似乎找不到找到未反映在输出文档中的XML的原因,但会根据我发现的内容进行更新.

Can't seem to find reasoning for the XML not being reflected in the output document but will update with whatever I find.

推荐答案

经过@scanny的大量挖掘和帮助,我终于能够完成此任务.

I've finally been able to accomplish this after lots of digging and help from @scanny.

可以使用以下功能将复选框插入 python-docx 中的任何段落.我要在表格的特定单元格中插入一个复选框.

Checkboxes can be inserted into any paragraph in python-docx using the following function. I am inserting a checkbox into specific cells in a table.

def addCheckbox(para, box_id, name):

  run = para.add_run()
  tag = run._r
  fldchar = docx.oxml.shared.OxmlElement('w:fldChar')
  fldchar.set(docx.oxml.ns.qn('w:fldCharType'), 'begin')

  ffdata = docx.oxml.shared.OxmlElement('w:ffData')
  name = docx.oxml.shared.OxmlElement('w:name')
  name.set(docx.oxml.ns.qn('w:val'), cb_name)
  enabled = docx.oxml.shared.OxmlElement('w:enabled')
  calconexit = docx.oxml.shared.OxmlElement('w:calcOnExit')
  calconexit.set(docx.oxml.ns.qn('w:val'), '0')

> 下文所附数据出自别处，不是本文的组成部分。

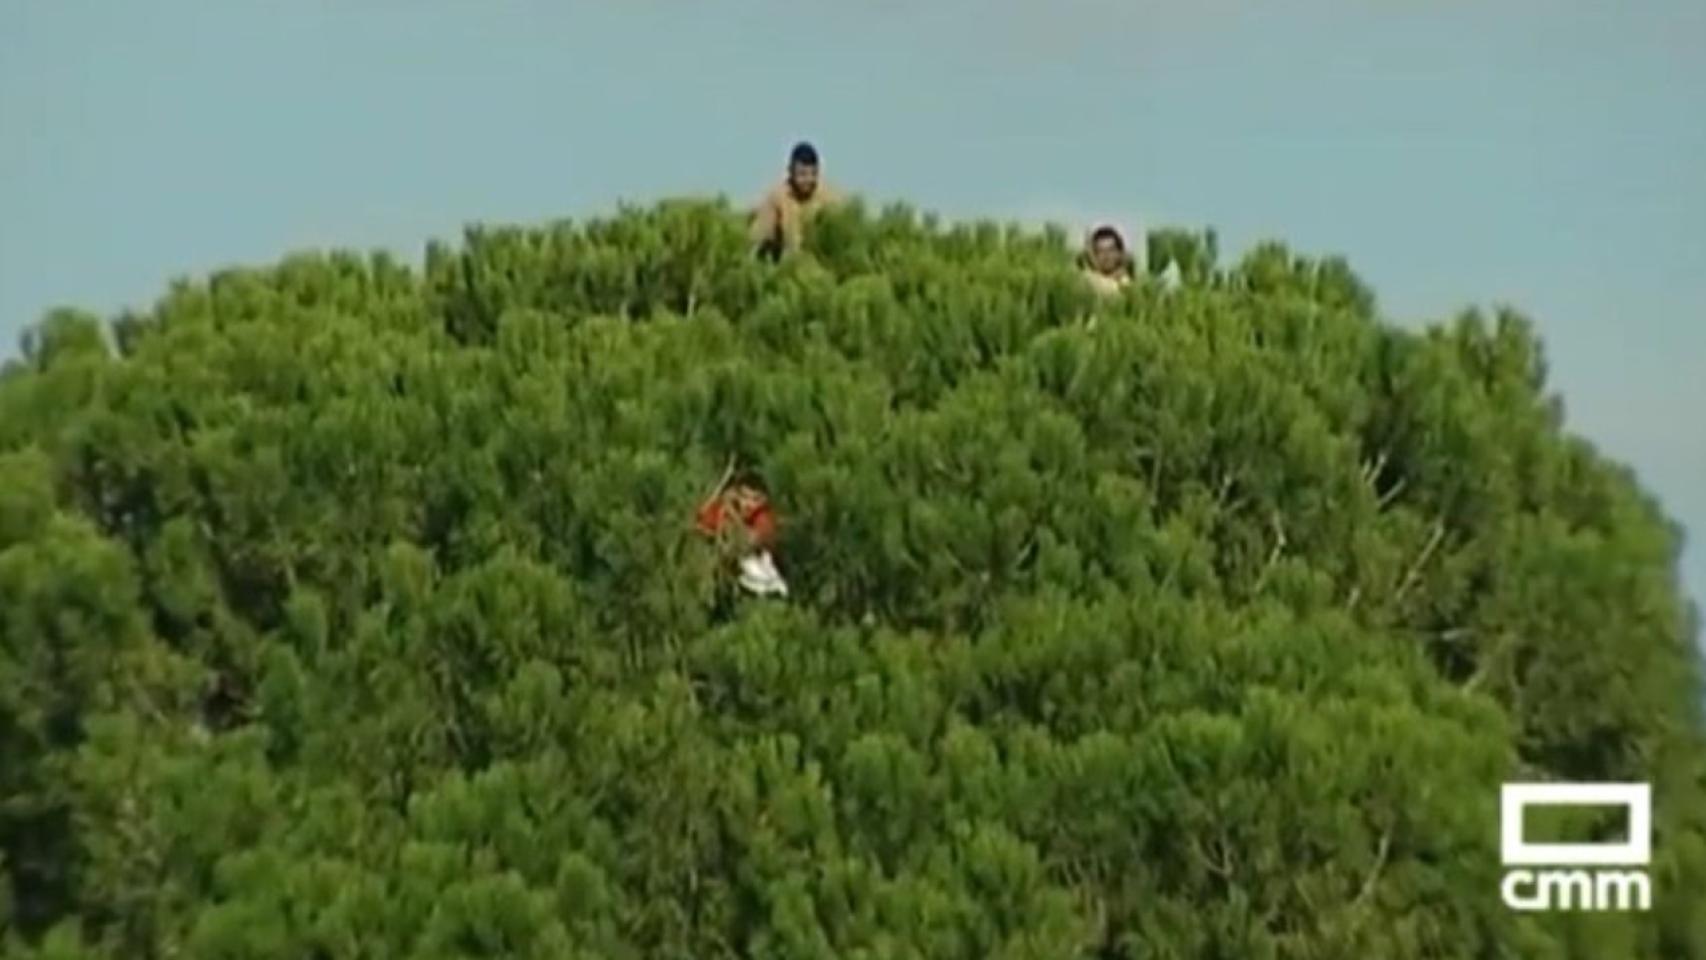 Aficionados encima de un árbol en Quintanar del Rey (Cuenca). Foto: CMM.

  checkbox = docx.oxml.shared.OxmlElement('w:checkBox')
  sizeauto = docx.oxml.shared.OxmlElement('w:sizeAuto')
  default = docx.oxml.shared.OxmlElement('w:default')

  if checked:
    default.set(docx.oxml.ns.qn('w:val'), '1')
  else:
    default.set(docx.oxml.ns.qn('w:val'), '0')

  checkbox.append(sizeauto)
  checkbox.append(default)
  ffdata.append(name)
  ffdata.append(enabled)
  ffdata.append(calconexit)
  ffdata.append(checkbox)
  fldchar.append(ffdata)
  tag.append(fldchar)

  run2 = para.add_run()
  tag2 = run2._r
  start = docx.oxml.shared.OxmlElement('w:bookmarkStart')
  start.set(docx.oxml.ns.qn('w:id'), str(box_id))
  start.set(docx.oxml.ns.qn('w:name'), name)
  tag2.append(start)

  run3 = para.add_run()
  tag3 = run3._r
  instr = docx.oxml.OxmlElement('w:instrText')
  instr.text = 'FORMCHECKBOX'
  tag3.append(instr)

  run4 = para.add_run()
  tag4 = run4._r
  fld2 = docx.oxml.shared.OxmlElement('w:fldChar')
  fld2.set(docx.oxml.ns.qn('w:fldCharType'), 'end')
  tag4.append(fld2)

  run5 = para.add_run()
  tag5 = run5._r
  end = docx.oxml.shared.OxmlElement('w:bookmarkEnd')
  end.set(docx.oxml.ns.qn('w:id'), str(box_id))
  end.set(docx.oxml.ns.qn('w:name'), name)
  tag5.append(end)

  return

fldData.text 对象似乎是随机的,但它是从生成的XML中带一个带有现有复选框的Word文档中提取的.如果不设置此文本,该功能将失败.我还没有确认,但是我听说过一种情况,开发人员可以随意更改字符串,但是一旦保存,它将恢复为原始生成的值.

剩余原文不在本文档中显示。